Clubhouse denies leaking user data |
Clubhouse CEO Paul Davison said the report alleging the leak of personal user data is false.
After days of jointly publishing and selling over a billion Facebook and LinkedIn accounts online, the club's role appears to have matured.
Online news reports published SQL database of user ID, name, username, Twitter and Instagram ID, number of online hacker forum subscribers.
According to Network News, the leaked information does not appear to contain sensitive user information (such as credit card numbers), which has 1.3 million user records.
The club replied: This is misleading and incorrect and the club has not been hacked. The data provided is information on public accounts in our app.

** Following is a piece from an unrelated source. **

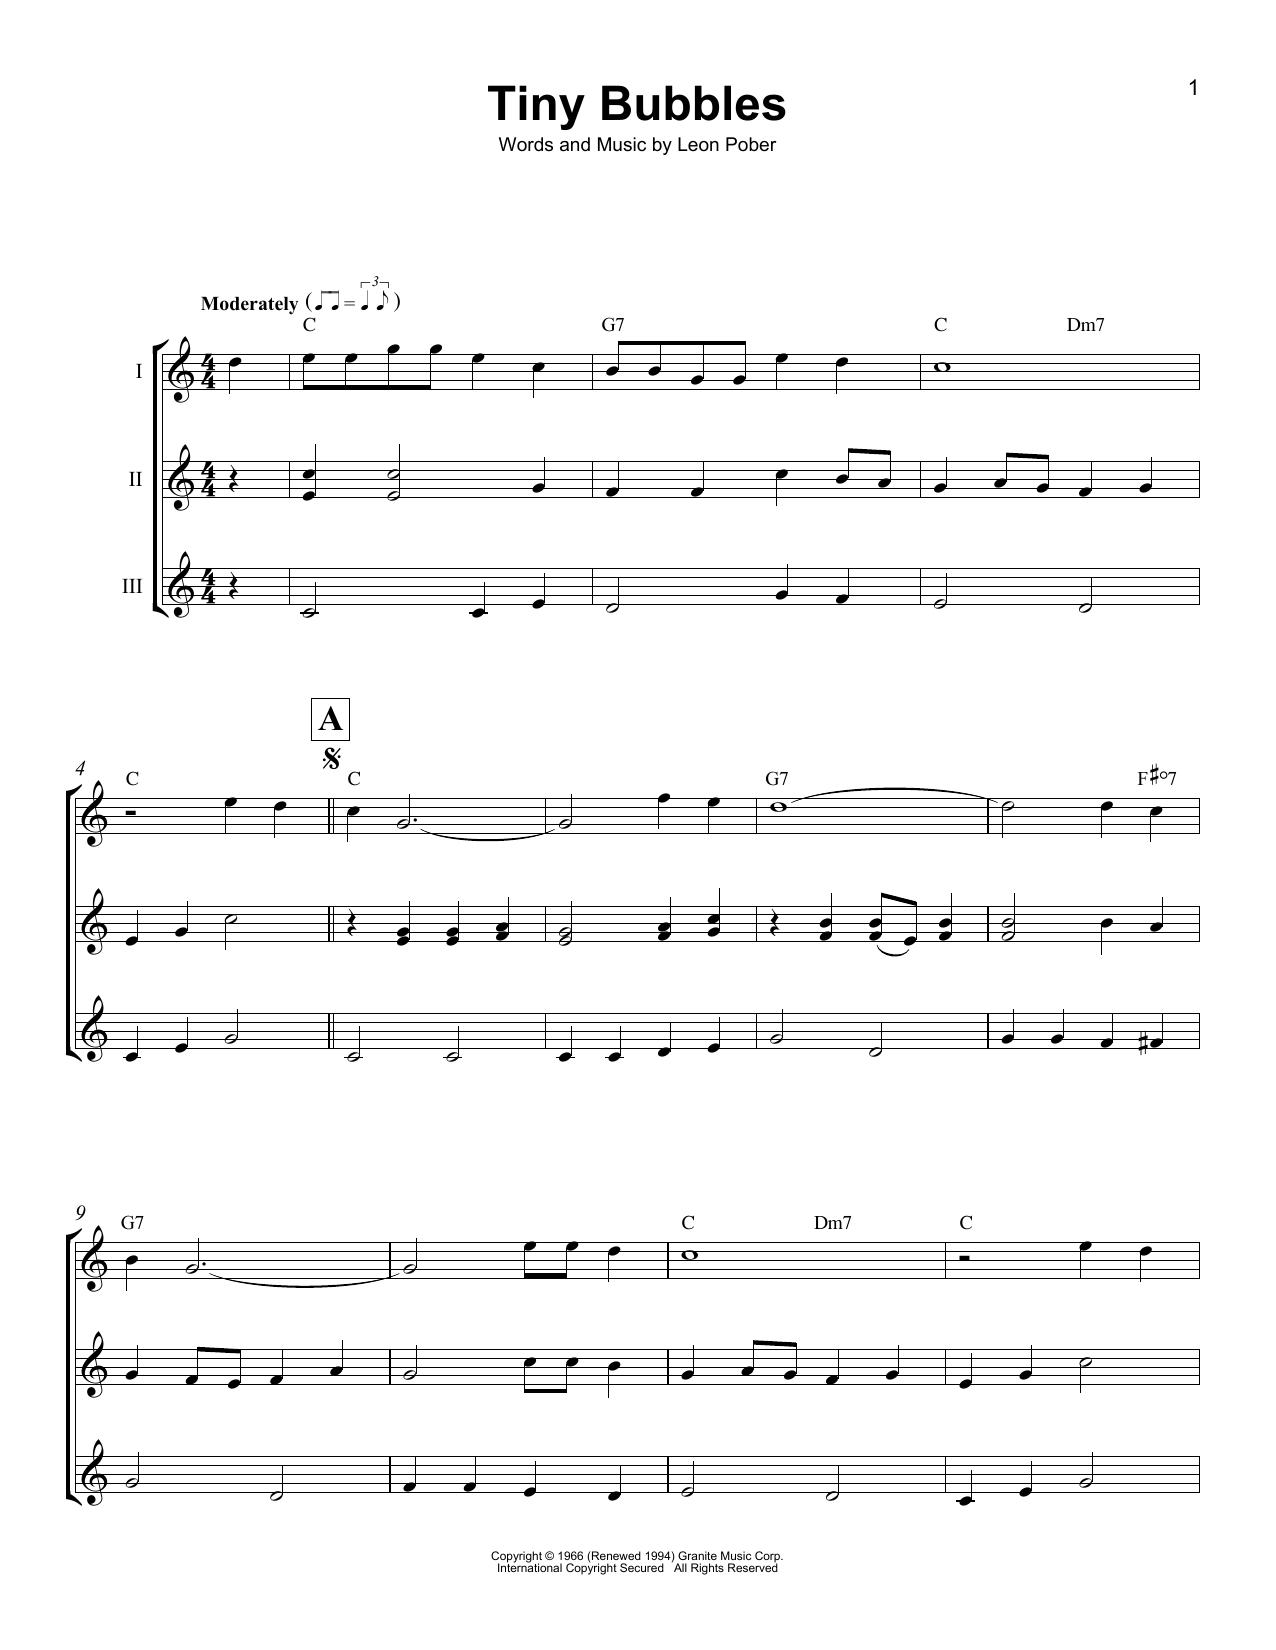 Tiny Bubbles Sheet Music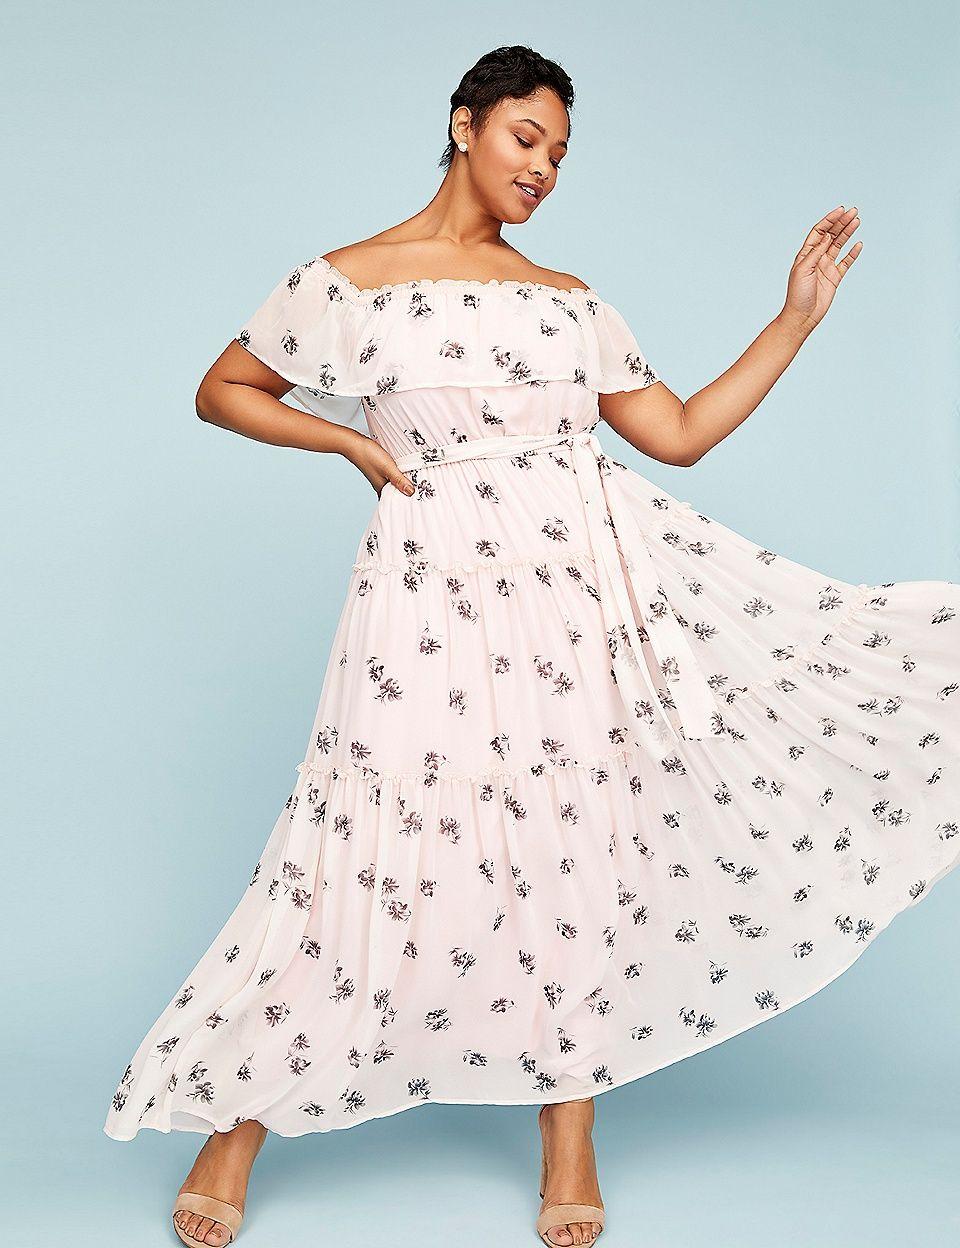 e7d1eb6cb589 Off-the-Shoulder Ruffle Maxi Dress | Lane Bryant - Plus Size Fashion for  Women - Ad

Anyone can access it through our app or API.
Davison also answered a question about a data breach on the platform: No, it did not happen, this is misleading and incorrect, we have not been hacked, the data shown is from the information in the public account of our app, so the answer is no.
These answers raise questions about the company's privacy policy, which allows anyone to broadly collect general information about accounts.
Last week, Network News reported that the personal data of up to 500 million LinkedIn users had been collected and published online, and Microsoft said the leak did not include data from a private member's LinkedIn account.
The news was released two days after it was discovered that the personal information of some 533 million Facebook users had been circulating online for free.
According to reports, the Facebook leak included the user's phone number, date of birth, geographic location, email address and full name.
Although Clubhouse accepts invitations only and can only be used on iOS devices, it has achieved good results in its first year with over 10 million downloads.